Data extract —
════════════════
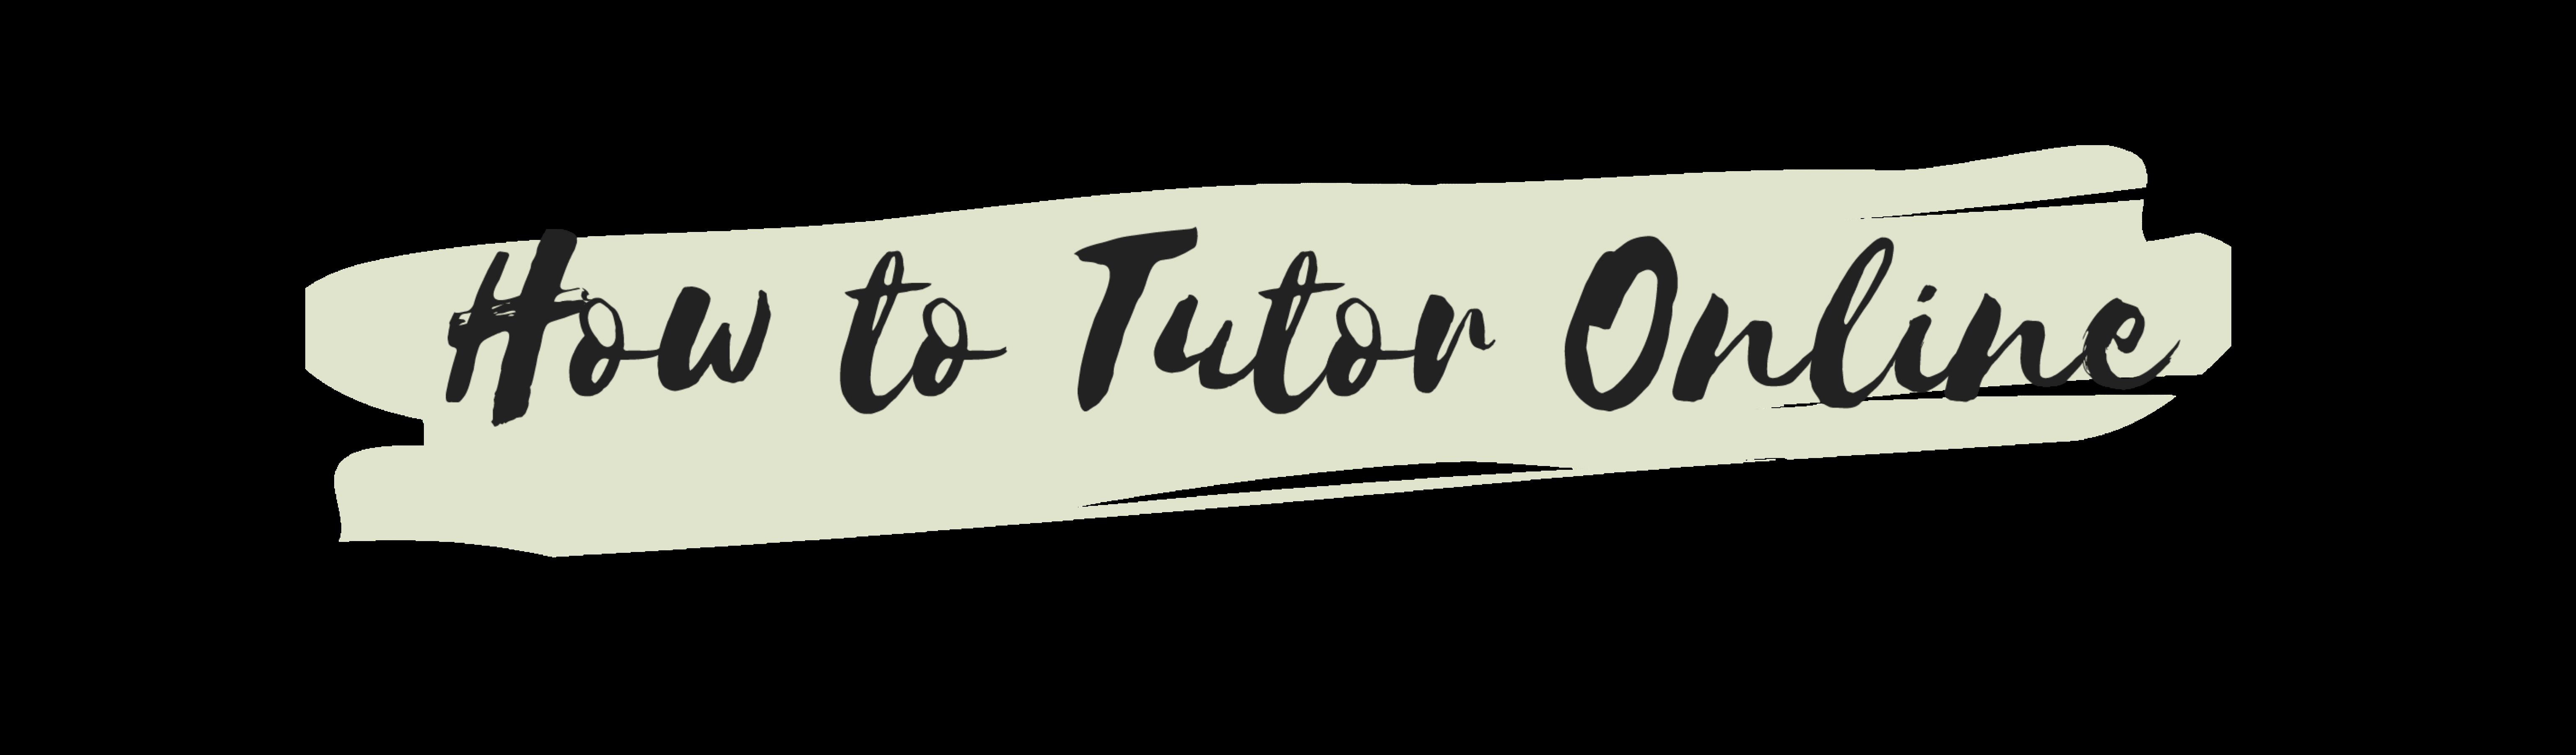 How To Tutor Online
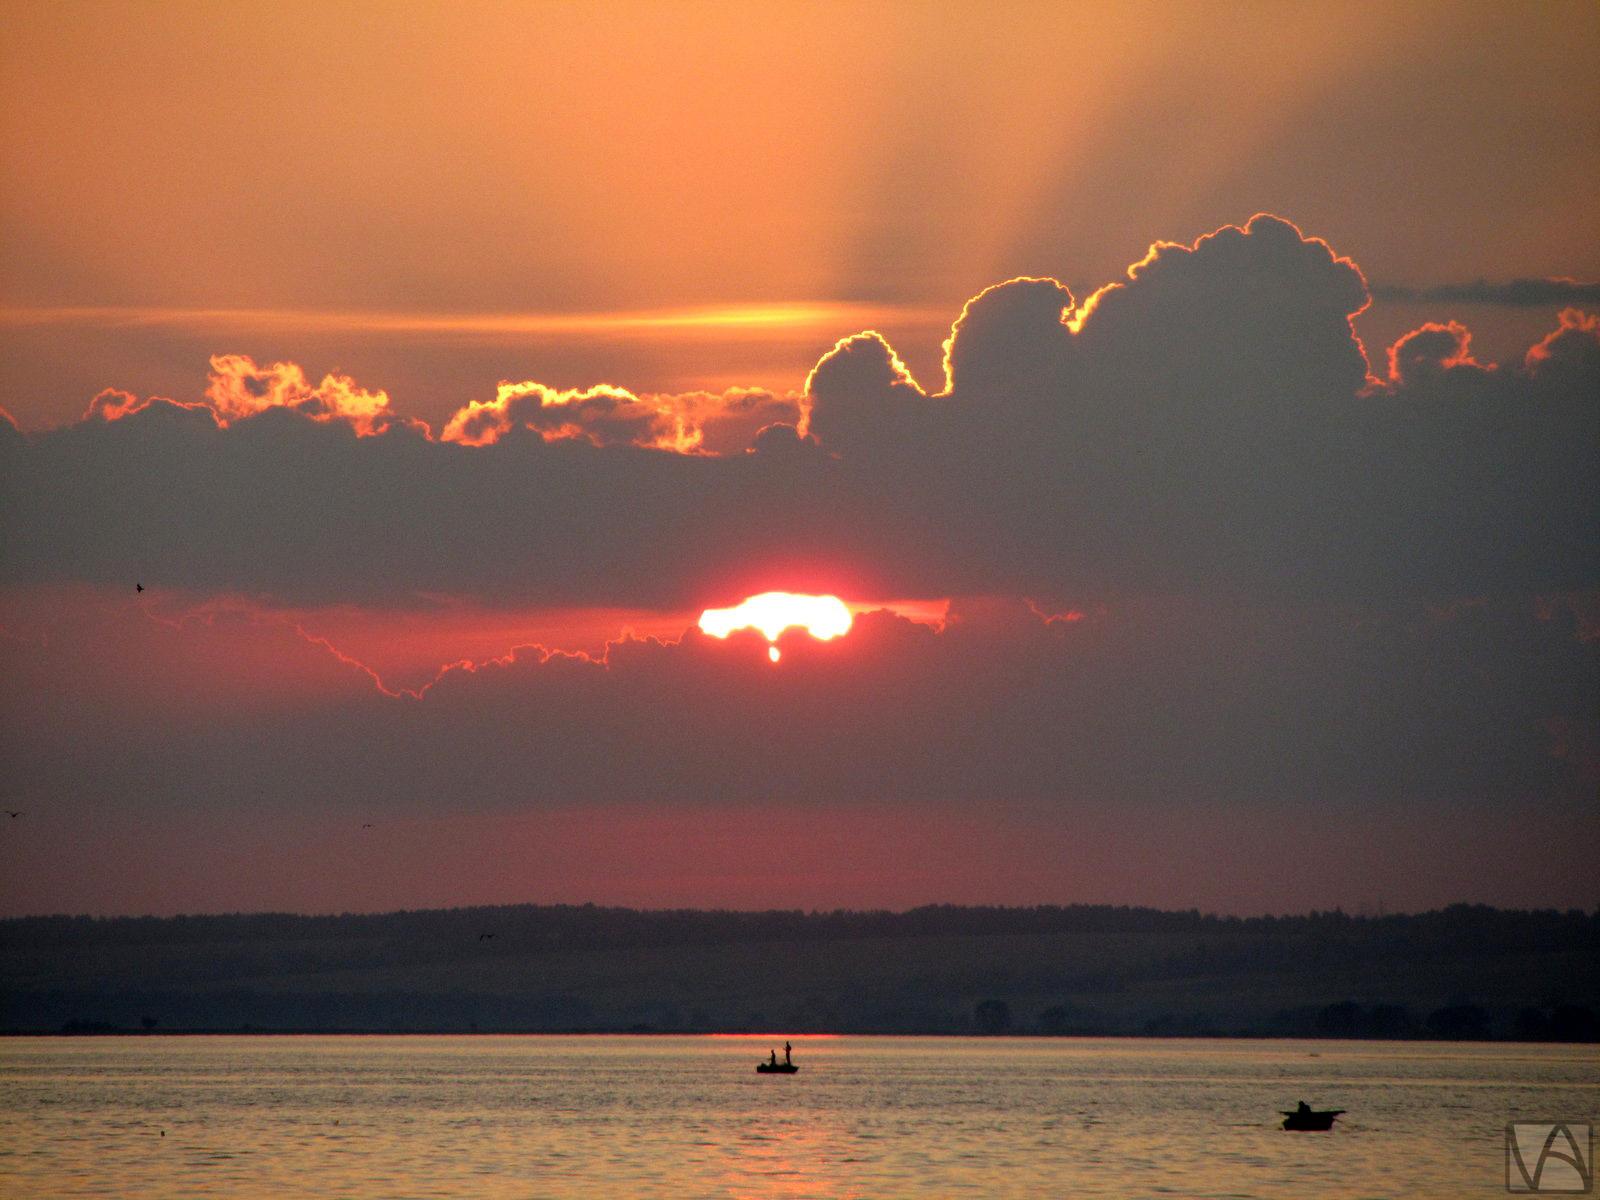 Under the sun by Varnoel-Arisilme
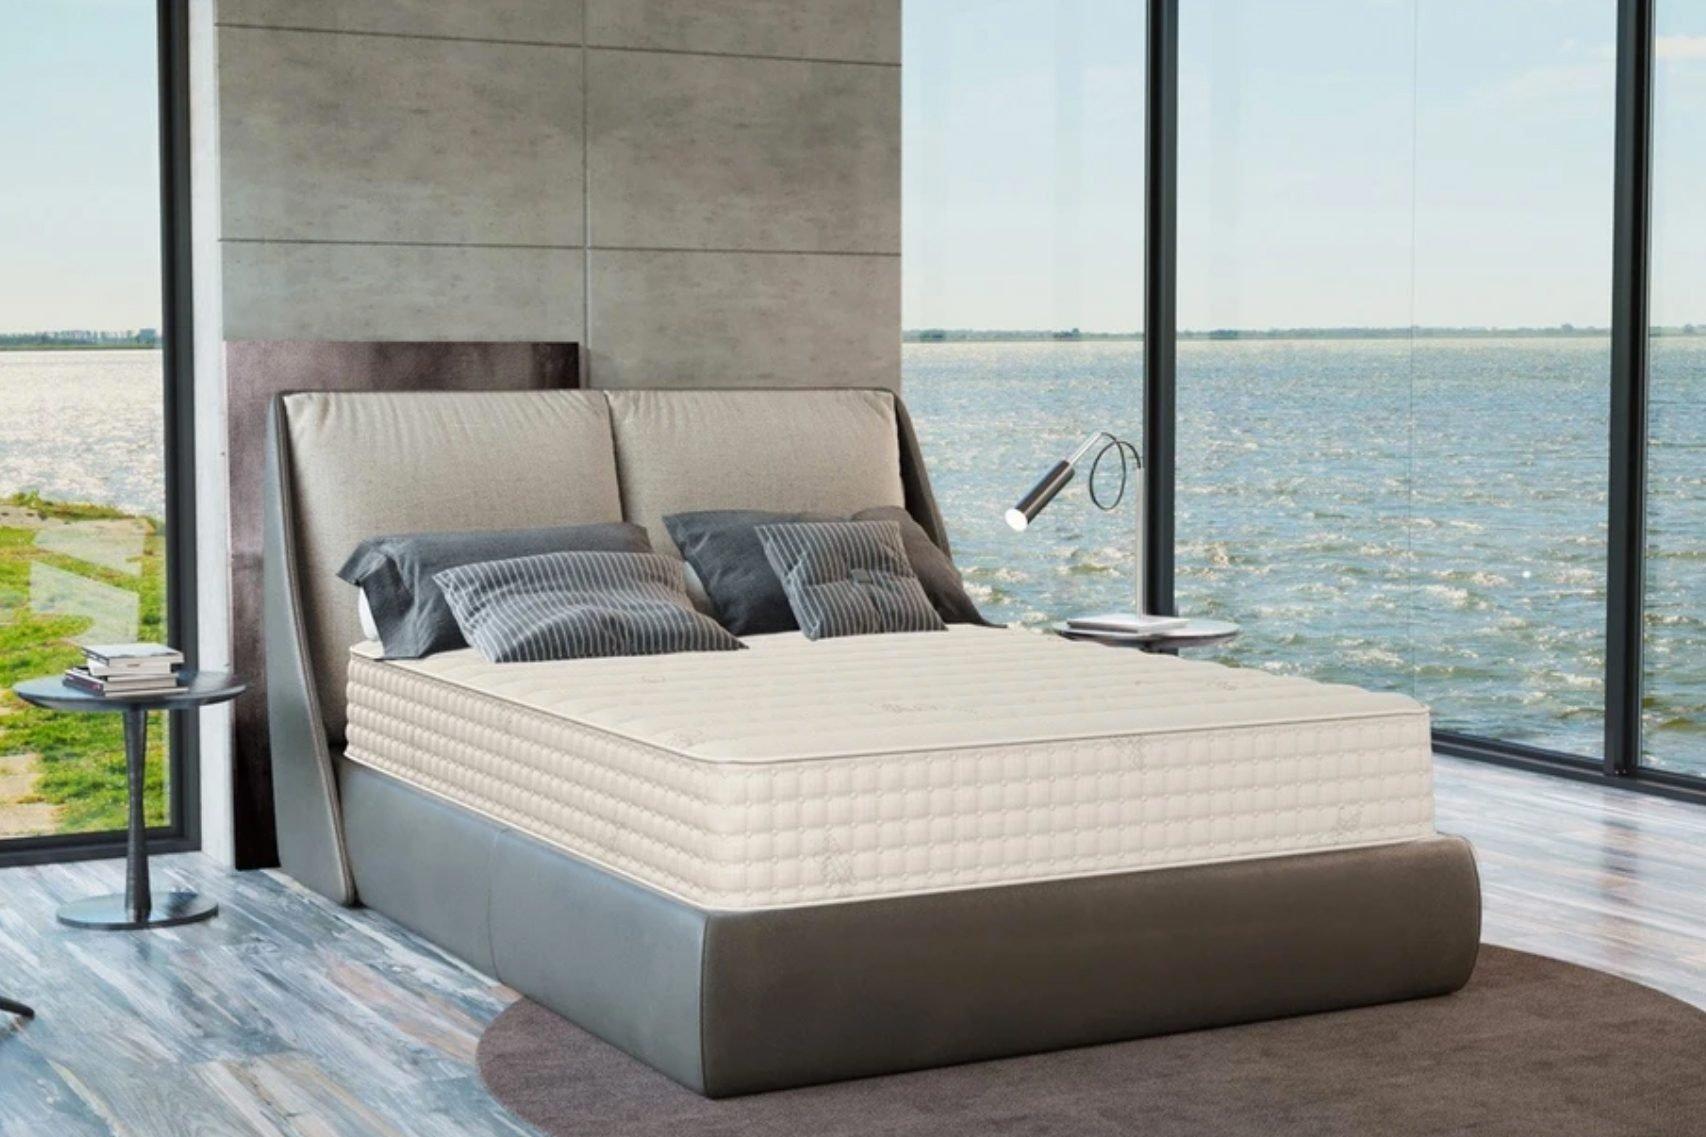 Plush Beds: $1,200 off all organic latex mattresses
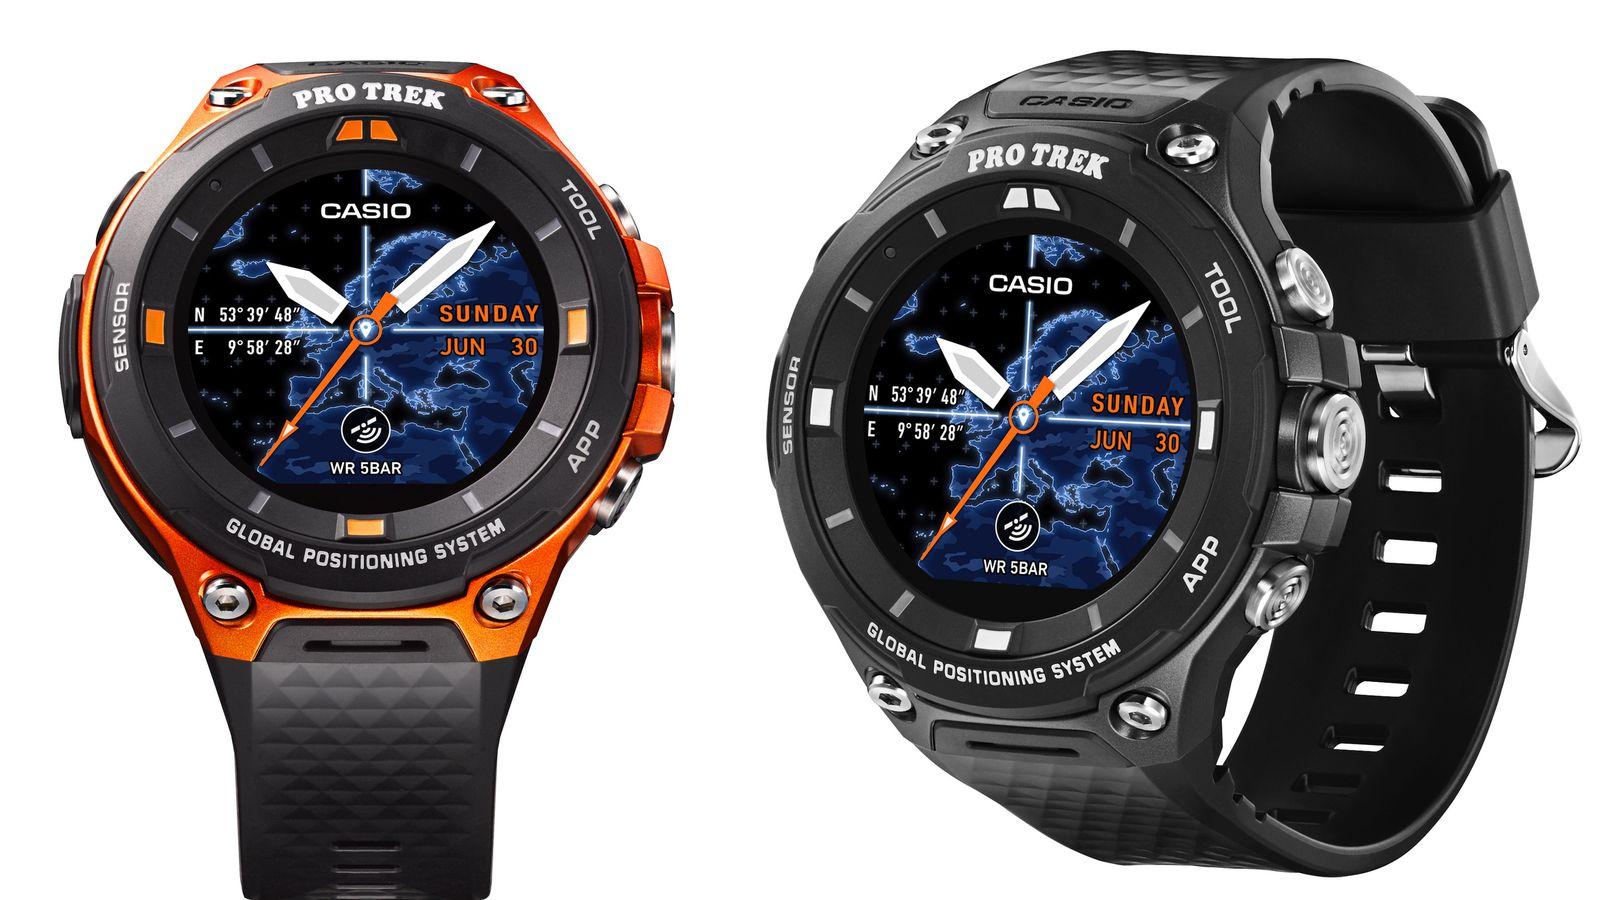 Casios New Outdoor Smartwatch Adds Gps Offline Maps And
════════════════
Task statement — Repeat the line that contains "Plush Beds: $1,200" and each line after it, through the last line of the listing, exactly and alone; pictures stay out of the repeat.

Task answer —
 Plush Beds: $1,200 off all organic latex mattresses
 Casios New Outdoor Smartwatch Adds Gps Offline Maps And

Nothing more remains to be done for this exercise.